The median intron length for genes that have only 1 intron (N = 85) was 3,085 bp. For genes that have two introns, the median length of the longer intron at position I1 was 4,937 bp (N = 48) and at position I2 was 4,691 bp (N = 35), the difference not significant.

Again, the following part of this analysis only applies to genes with three or more introns. The median lengths of the longest introns located in the first five absolute positions were 15,324, 11,958, 9,192, 7,241 and 6,442 bp (Figure 2A). Only the median in position I1 is significantly higher against the other medians, p values are from .02 (vs. I2) to .00007 (vs. I4, Mann-Whitney pairwise test). The median lengths of the longest introns located according to their relative position were 14,404 (in the first third), 6,204 (in the second third), 5,645 (in the third), 5,910 (in the middle) and 4,866 bp (last intron, Figure 2B). Similarly, only the median of the longest introns in the first third of the gene is significantly higher than in the other cases (p < .00001).

FIGURE 2
www.frontiersin.org

FIGURE 2. Lengths of the longest introns in human protein-coding genes in relation to their positions. (A). Length dependence on the absolute position of the longest introns. (B). Dependence of length on relative position. Daggers indicate statistically significant differences.

The position of the longest intron is related to certain gene biological functions

The results of the GSEA analysis showed that among genes without introns and with one intron there is a significantly higher representation of the biological processes G protein-coupled receptor signaling pathway (p < .00001) and sensory perception of chemical stimulus (p < .001). Genes with one intron are additionally enriched with representatives of the biological processes positive regulation of cytosolic calcium ion concentration, nervous system process and locomotion (p < .00001 for all). For genes with two introns, we did not detect a specifically higher representation of any biological process.
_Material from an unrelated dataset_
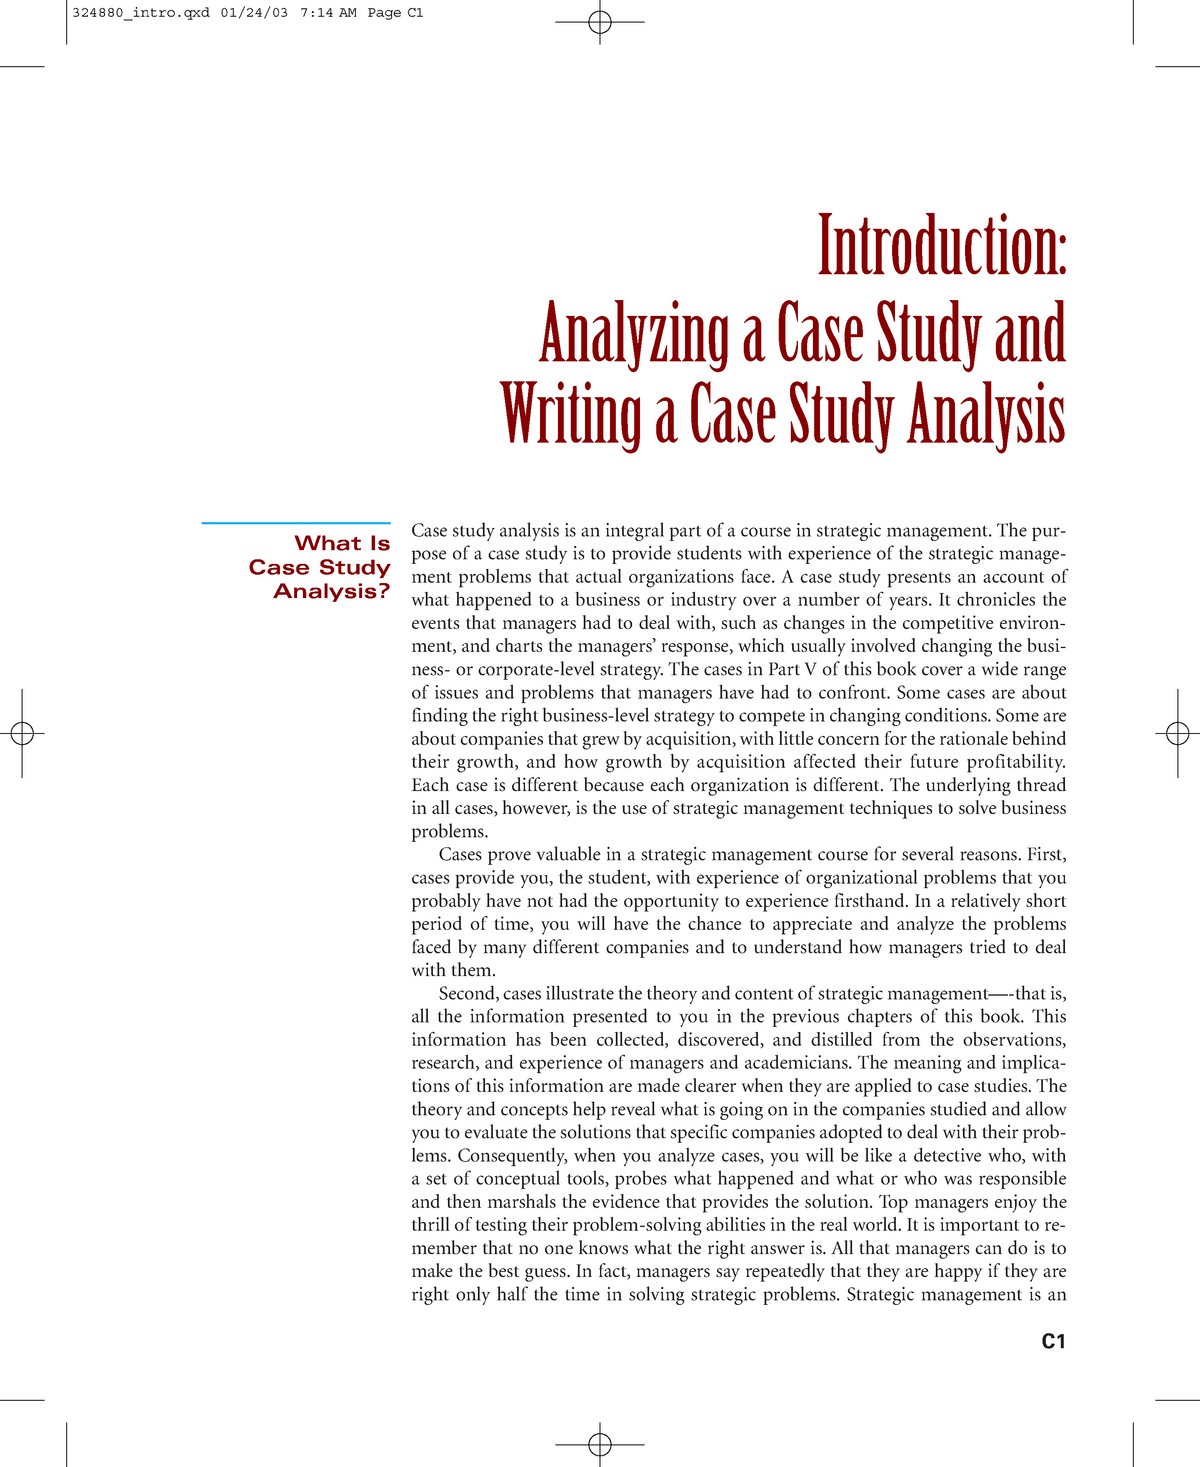 case study video analysis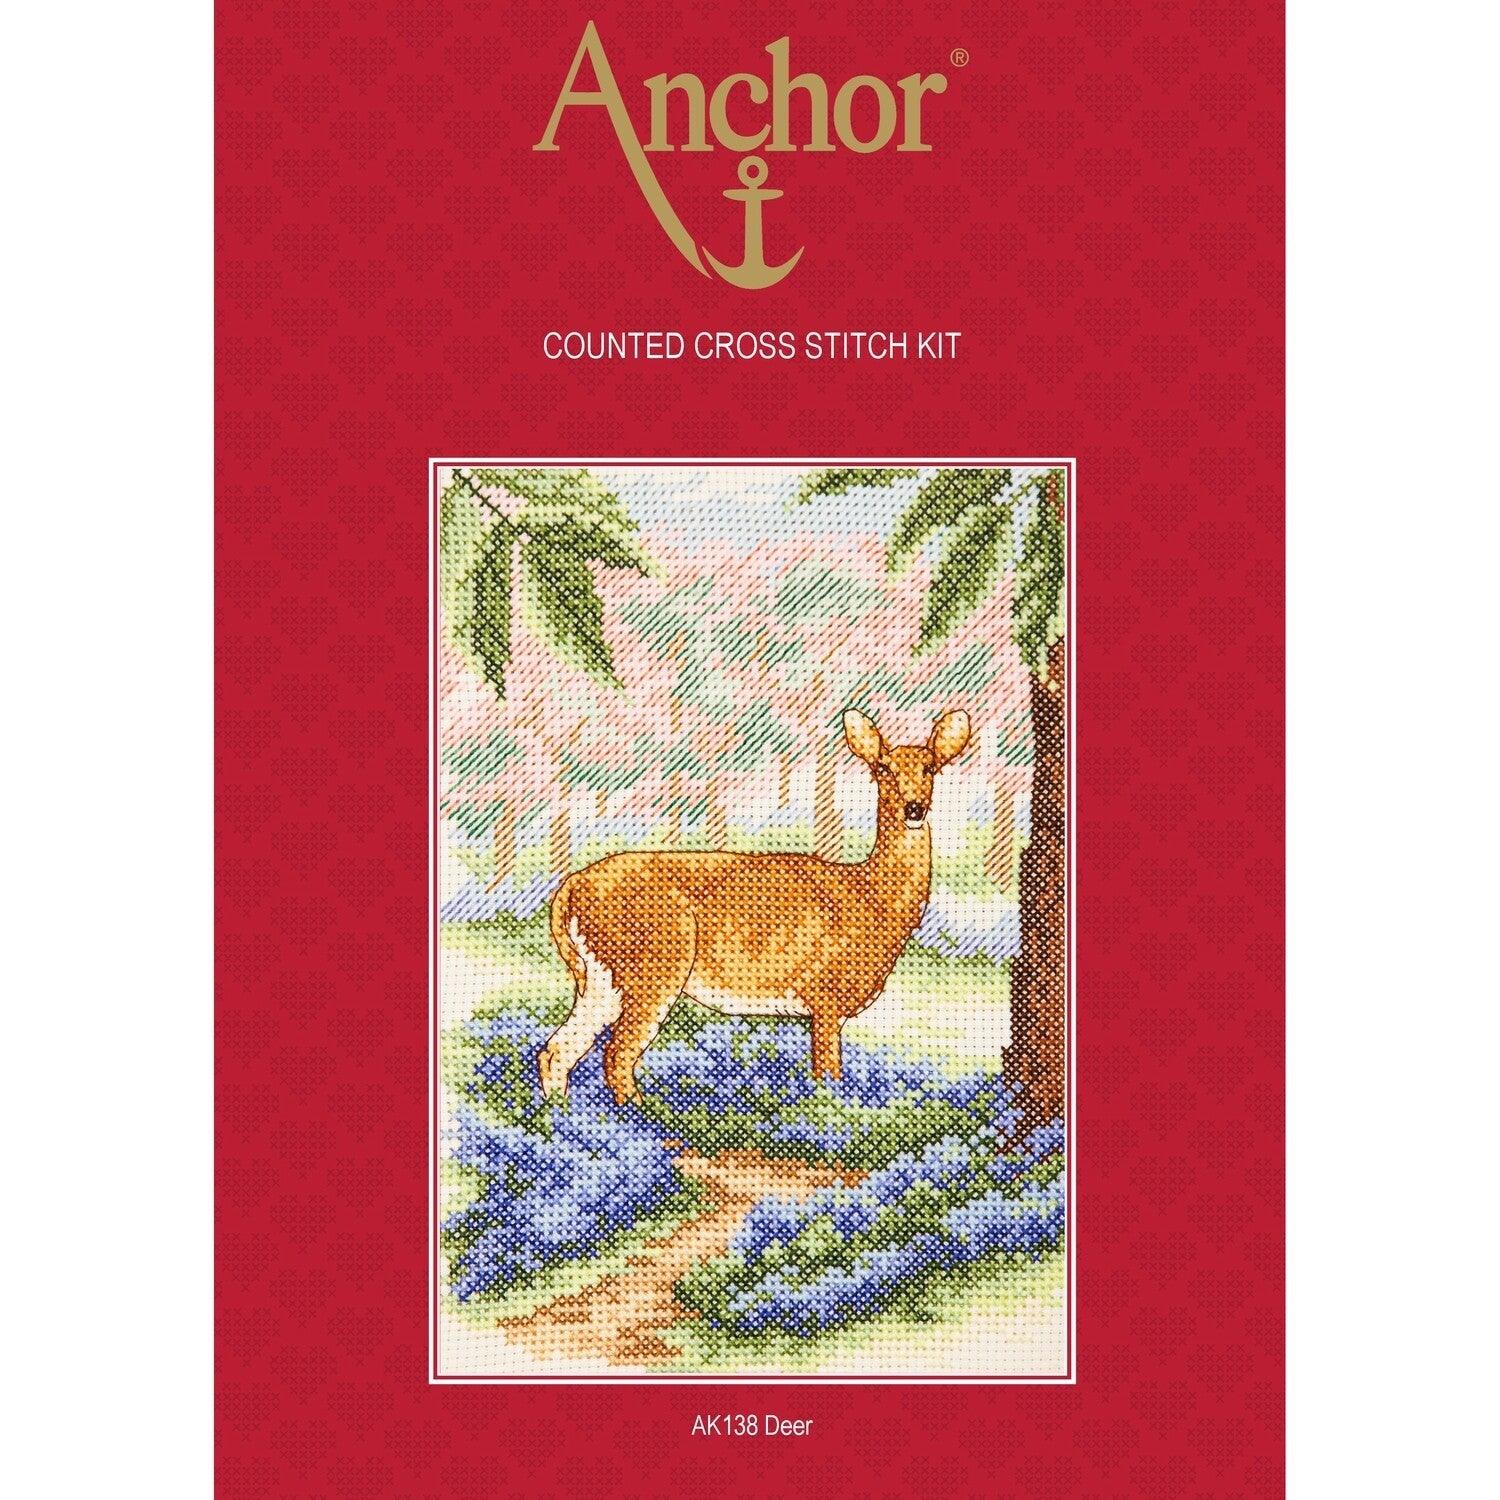 Anchor Essentials Cross Stitch Kit - AK138, Deer - Luca-S Cross Stitch Kits

Genes with three or more introns, which have the longest intron located at the absolute position I1 or I2, interfere significantly in a large number of basic biological processes at the level of the cell as well as the development of a multicellular organism. For genes with the longest intron at I2, statistical significance was specifically increased in the process of programmed cell death (p < .00001, Table 1). These were, for example, the BAD (BCL2 Associated Agonist Of Cell Death), BAG6 (BAG Cochaperone 6) or DEDD (Death Effector Domain Containing) genes. The other tested absolute positions (I3-I9) did not show a specific association with any biological process. Genes with the relative position of the longest intron in the first third showed enrichment for a wide range of biological processes, similar to the absolute positions I1 and I2. The relative position in the second third was significantly associated with the term reproductive process (p < .001) and in the third with the terms DNA repair (p < .0001), mitotic recombination and telomere maintenance (both p < .001). Examples of genes associated with the reproductive process in our case are CFTR (CF Transmembrane Conductance Regulator), NDC80 (NDC80 Kinetochore Complex Component) and PANX1 (Pannexin 1). Among the genes included under DNA repair were a number of key genes such as APEX1 (Apurinic/Apyrimidinic Endodeoxyribonuclease 1), BRCC3 (BRCA1/BRCA2-Containing Complex Subunit 3), ERCC1 (ERCC Excision Repair 1, Endonuclease Non-Catalytic Subunit), MLH1 (MutL Homolog 1), MRE11 (MRE11 Homolog, Double Strand Break Repair Nuclease), SMC6 (Structural Maintenance Of Chromosomes 6) or XPA (XPA, DNA Damage Recognition And Repair Factor).

TABLE 1
www.frontiersin.org

TABLE 1. Significant relationships between the position of the longest intron and gene biological functions based on GSEA.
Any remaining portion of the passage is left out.